▸ Exercise prompt
From the line that contains "president Barak Obama's signature" down to the final line below, please repeat each line exactly and nothing more, with no pictures.

-- Recorded information follows --

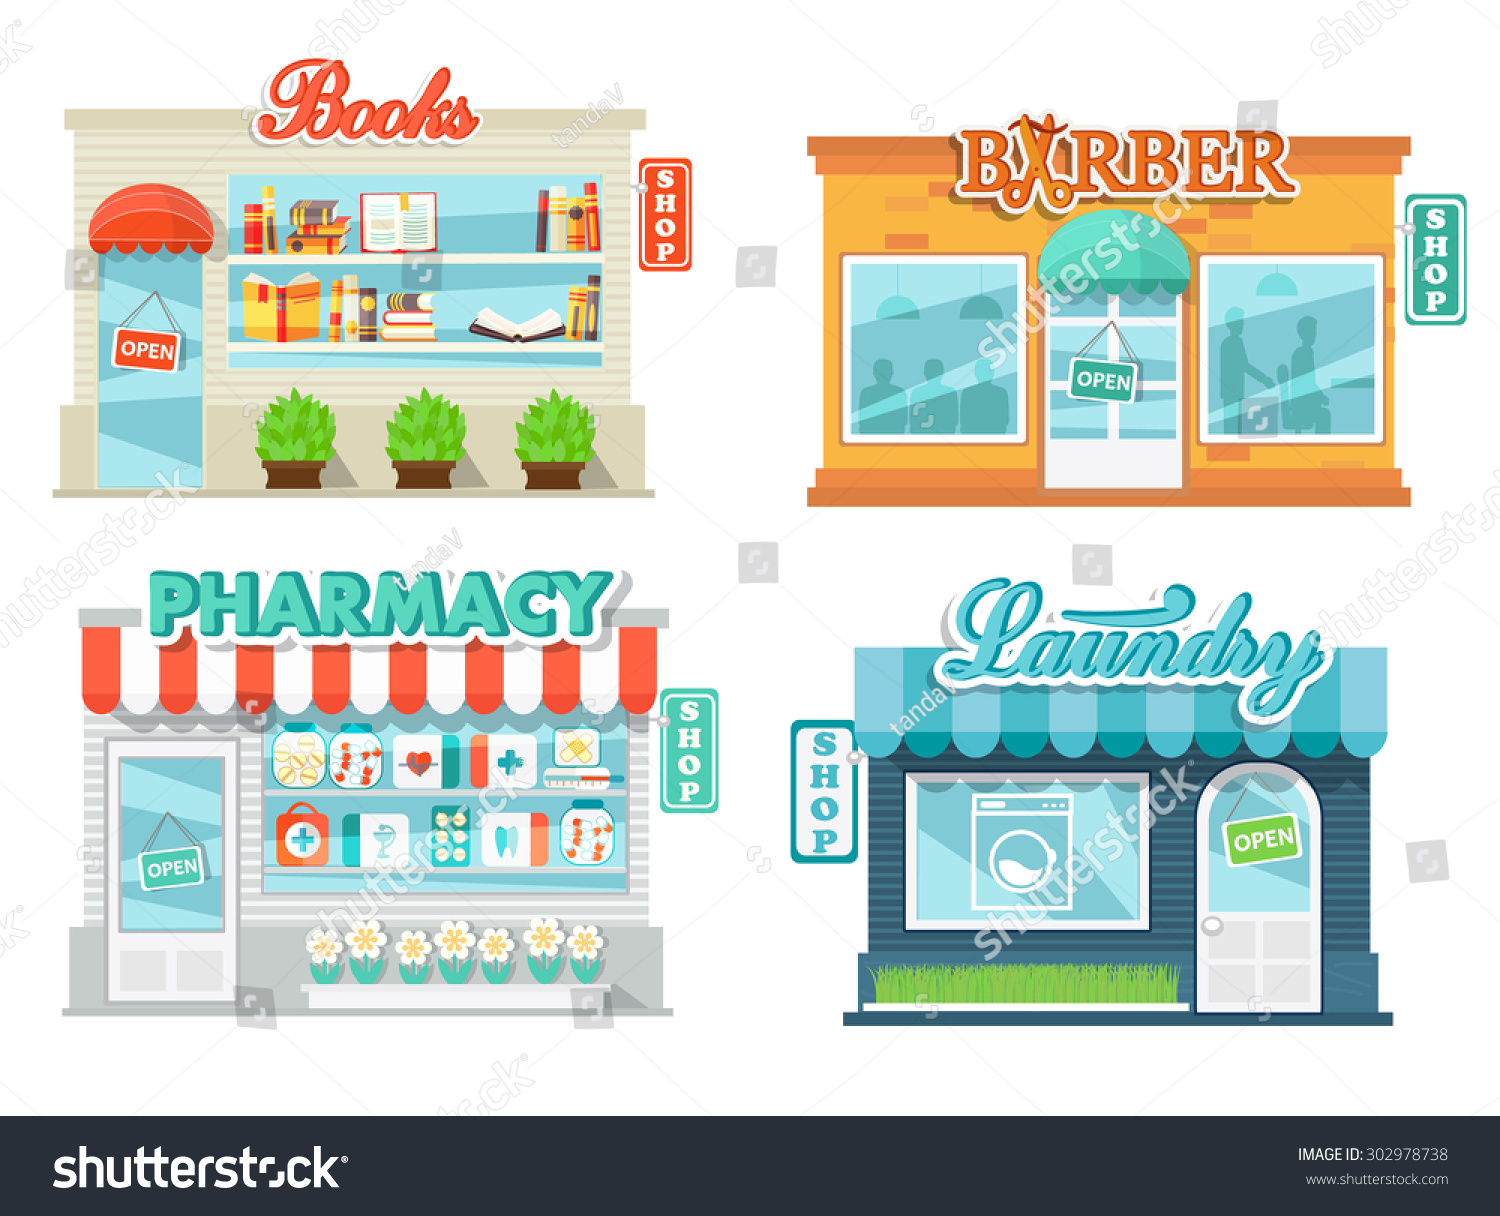 pharmacy building clipart - photo #31
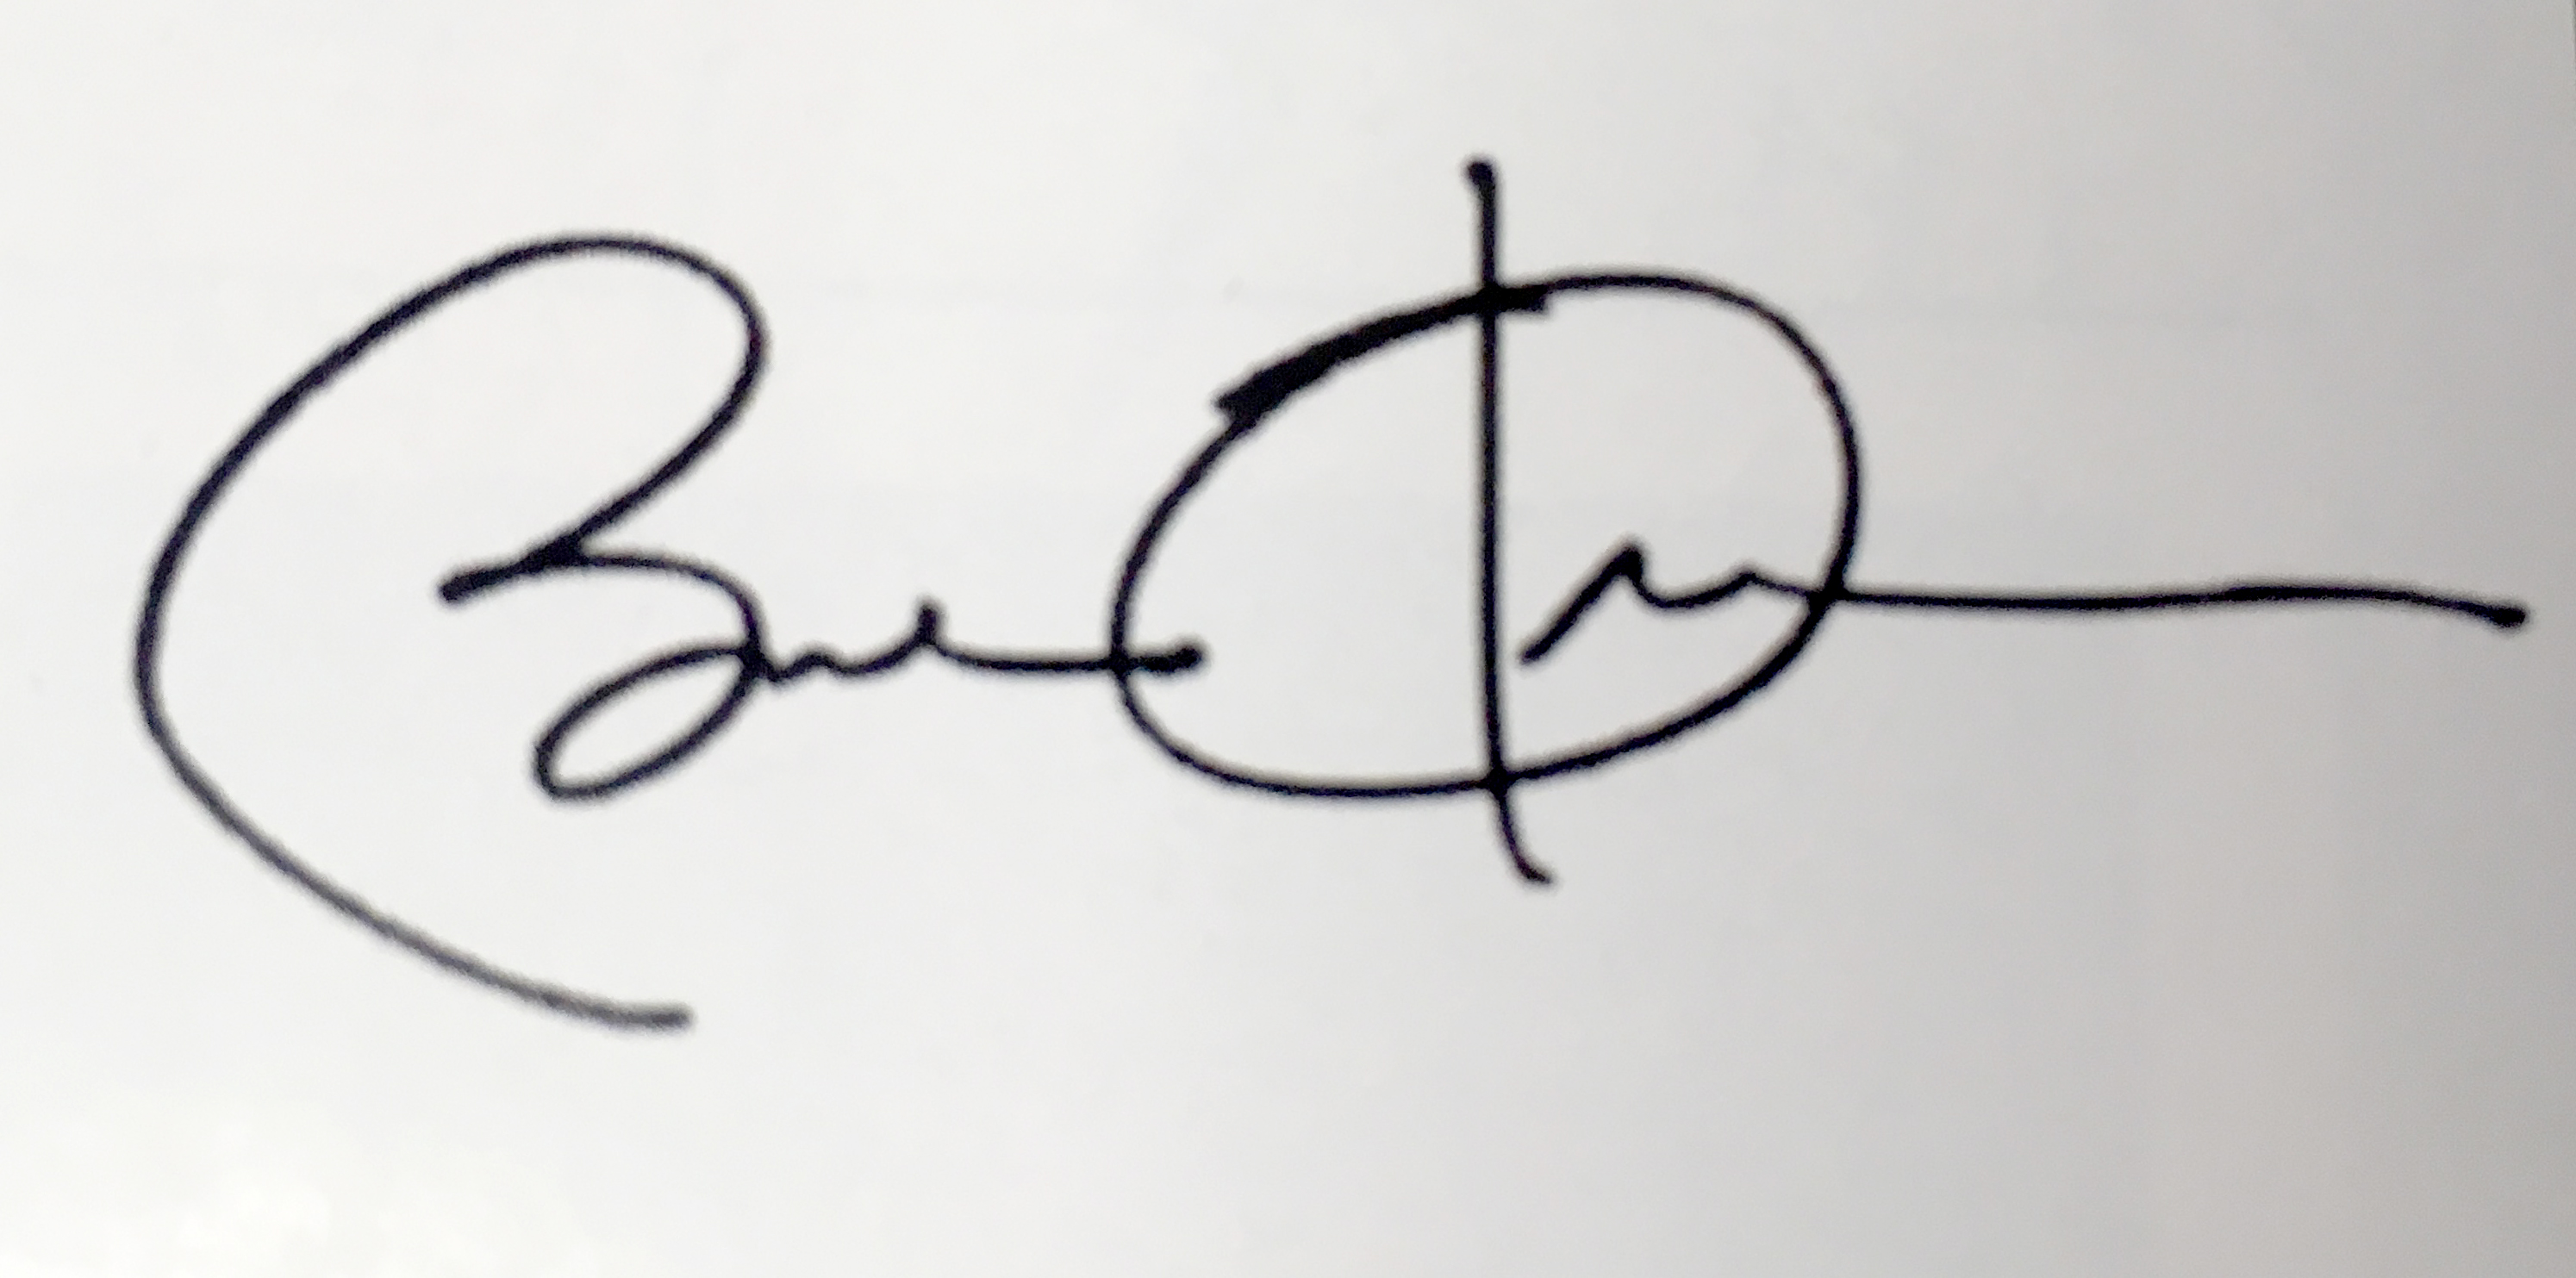 president Barak Obama's signature
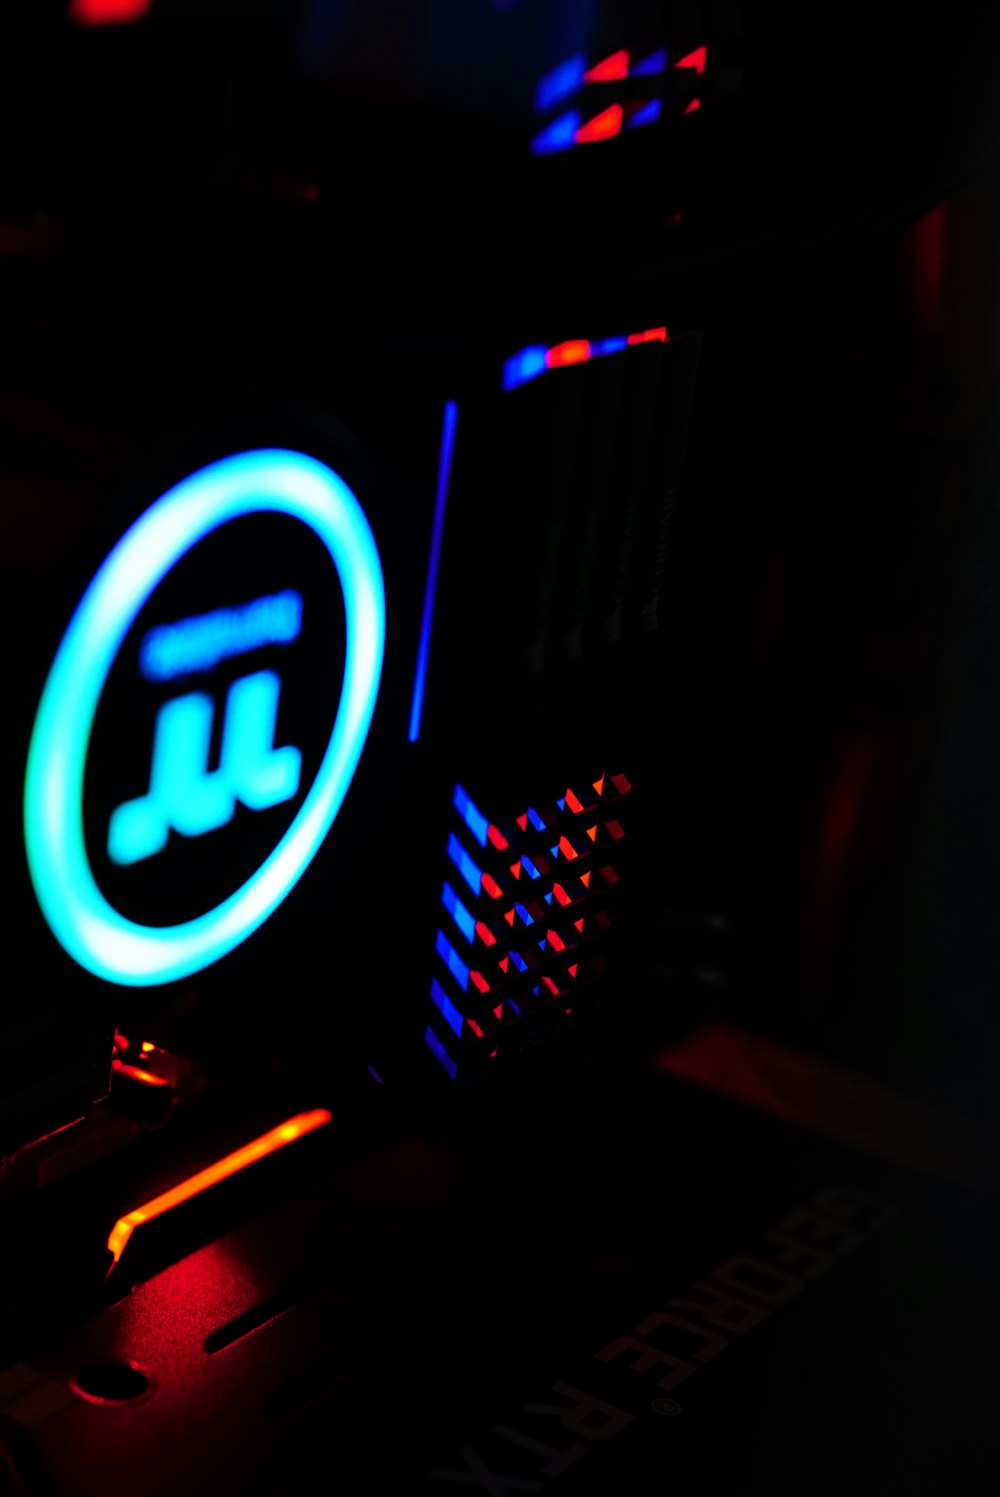 a close up of a lit up computer

-- Recorded information concluded --

▸ Solution below
 president Barak Obama's signature
 a close up of a lit up computer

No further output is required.